Summary

Mortality in severe trauma patients attended by emergency services in Navarre, Spain: validation of a new prediction model and comparison with the Revised Injury Severity Classification Score II

Ali Ali B, Lefering R, Fortún Moral M, Belzunegui Otano T

Affiliation of the authors

Servicio de Urgencias del Complejo Hospitalario de Navarra, Servicio Navarro de Salud-Osasunbidea, Pamplona, Spain. Institute for Research in Operative Medicine (IFOM), Universidad de Witten/Herdecke, Germany. Médico de Servicio de Urgencias/ UVI-Móvil. Hospital de Tudela. Servicio de Navarro de Salud- Osasunbidea, Tudela, Spain.
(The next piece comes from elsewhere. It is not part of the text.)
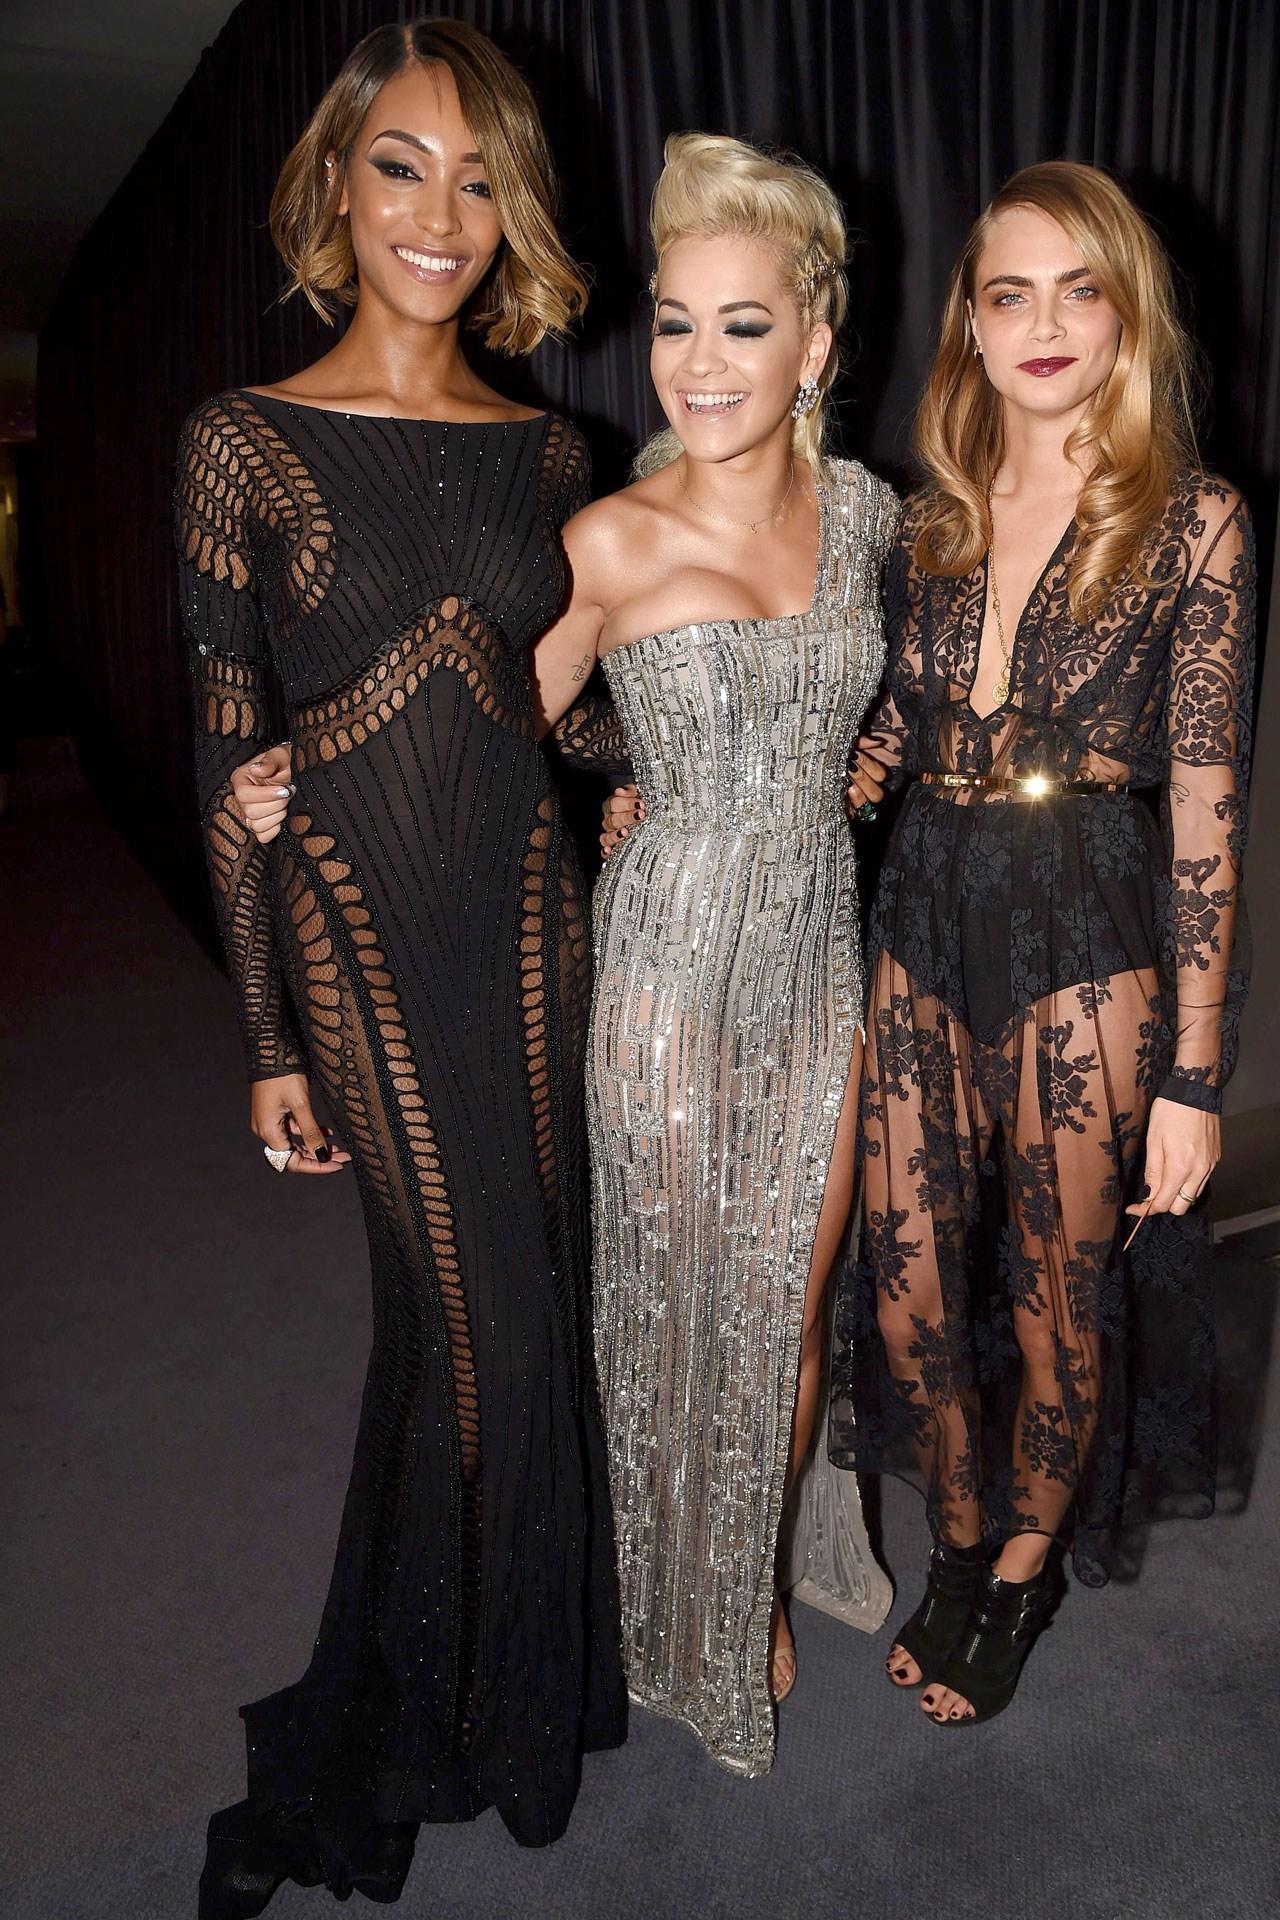 Jourdan Dunn, Rita Ora and Cara Delevingne.

Departamento de Salud, Universidad Pública de Navarra, Pamplona, Spain.

DOI

Quote

Ali Ali B, Lefering R, Fortún Moral M, Belzunegui Otano T. Mortality in severe trauma patients attended by emergency services in Navarre, Spain: validation of a new prediction model and comparison with the Revised Injury Severity Classification Score II. Emergencias. 2018;30:98-104

Summary

Objective.

To validate the Mortality Prediction Model of Navarre (MPMN) to predict death after severe trauma and compare it to the Revised Injury Severity Classification Score II (RISCII).

Methods.

Retrospective analysis of a cohort of severe trauma patients (New Injury Severity Score >15) who were attended by emergency services in the Spanish autonomous community of Navarre between 2013 and 2015. The outcome variable was 30-day all-cause mortality. Risk was calculated with the MPMN and the RISCII. The performance of

each model was assessed with the area under the receiver operating characteristic (ROC) curve and precision with respect to observed mortality. Calibration was assessed with the Hosmer-Lemeshow test.

Results.

We included 516 patients. The mean (SD) age was 56 (23) years, and 363 (70%) were males. Ninety patients (17.4%) died within 30 days. The 30-day mortality rates predicted by the MPMN and RISCII were 16.4% and 15.4%, respectively. The areas under the ROC curves were 0.925 (95% CI, 0.902–0.952) for the MPMN and 0.941 (95% CI, 0.921–0.962) for the RISCII (P=0.269, DeLong test). Calibration statistics were 13.6 (P=.09) for the MPMN and 8.9 (P=.35) for the RISCII.

Conclusions.

Both the MPMN and the RISCII show good ability to discriminate risk and predict 30-day all-cause mortality in severe trauma patients.